[Records shown]:

'''

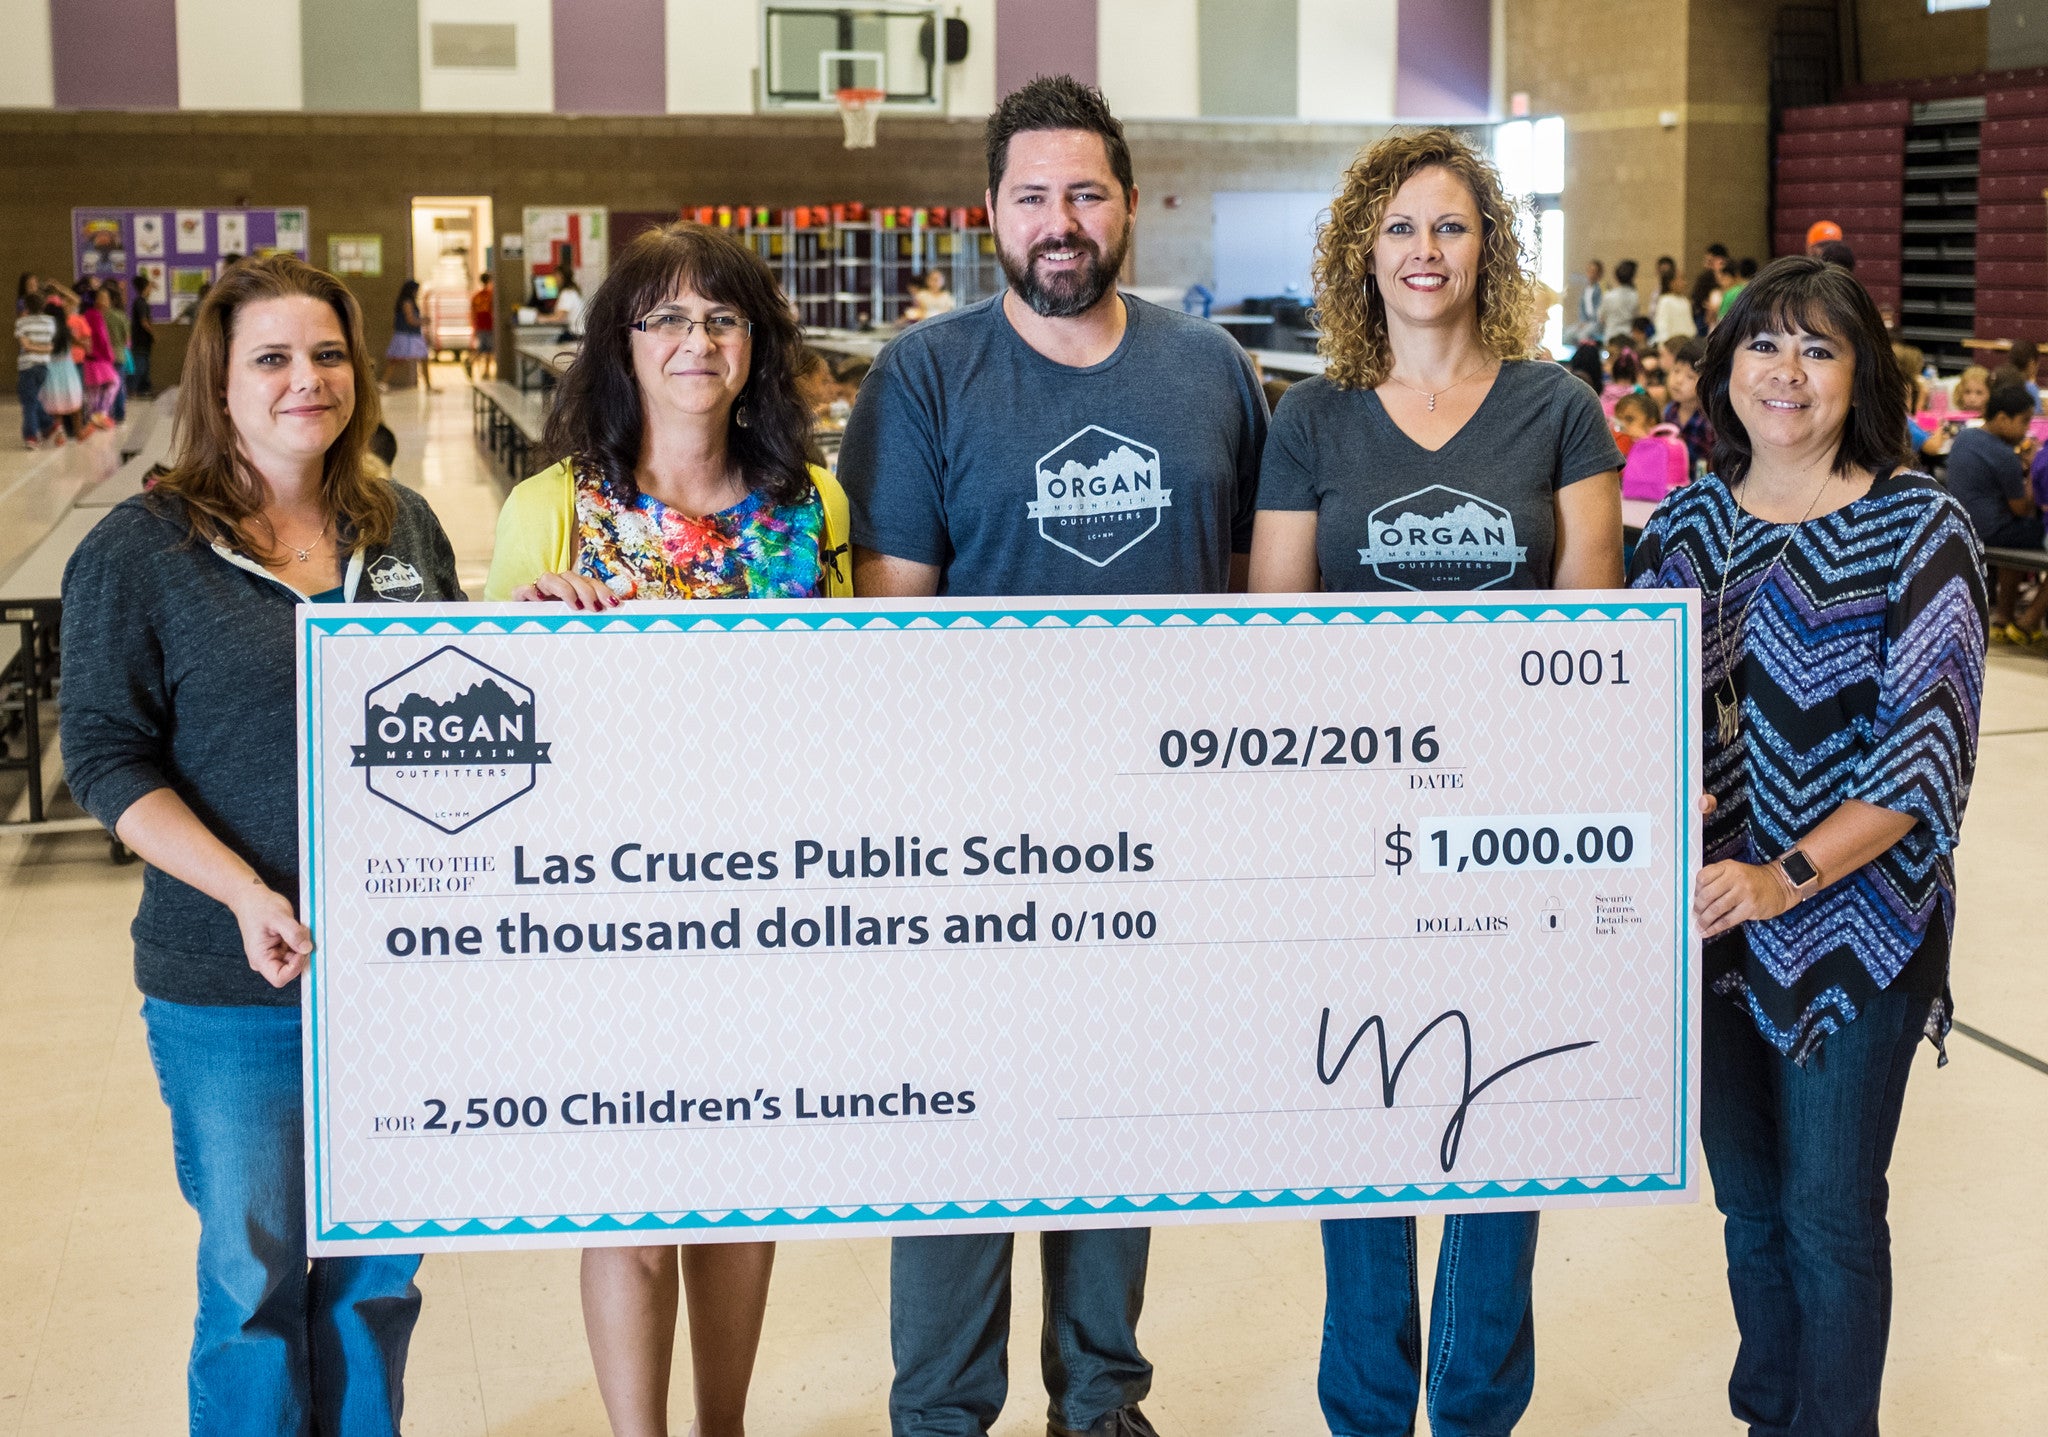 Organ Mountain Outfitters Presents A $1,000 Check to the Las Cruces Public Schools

'''
'''

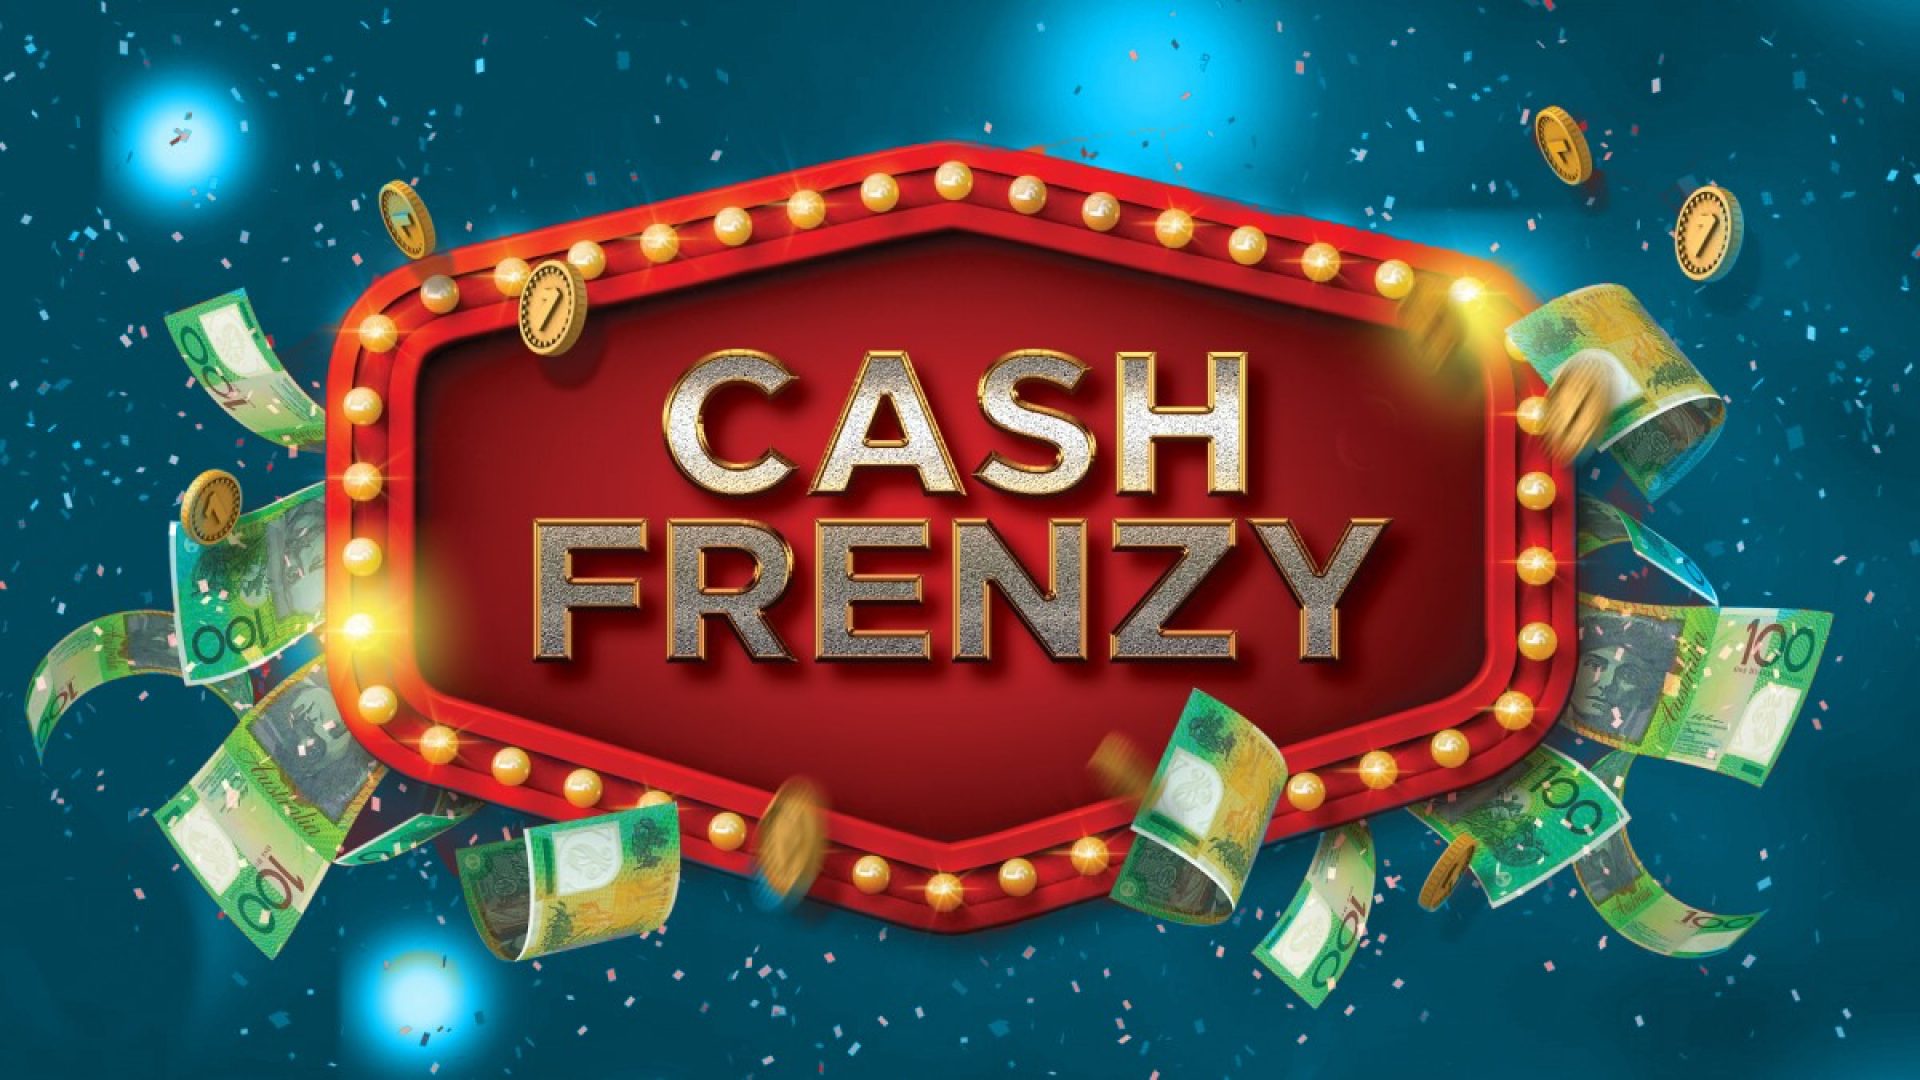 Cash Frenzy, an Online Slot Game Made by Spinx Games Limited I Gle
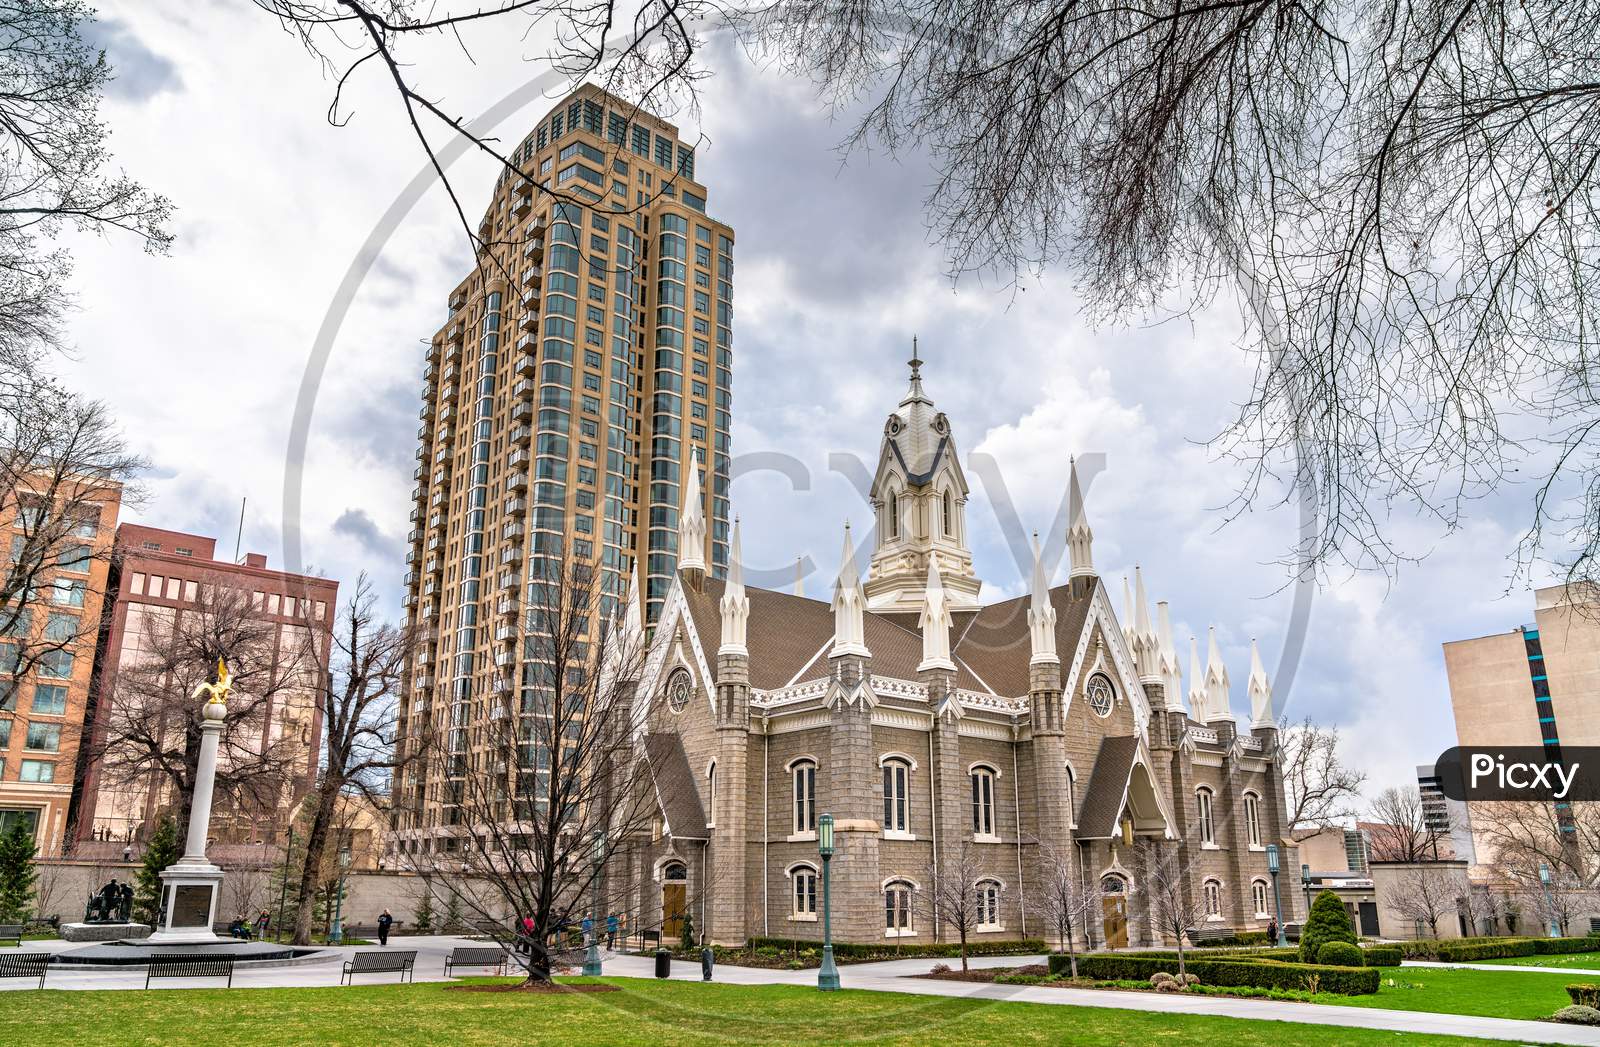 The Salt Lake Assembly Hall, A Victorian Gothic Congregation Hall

'''

[Action item]:
Given the records above, return the lines starting at the one that holds "Cash Frenzy, an" and ending at the one that holds "The Salt Lake", exactly, and nothing besides; leave every picture out.

[Response below]:
 Cash Frenzy, an Online Slot Game Made by Spinx Games Limited I Gle
 The Salt Lake Assembly Hall, A Victorian Gothic Congregation Hall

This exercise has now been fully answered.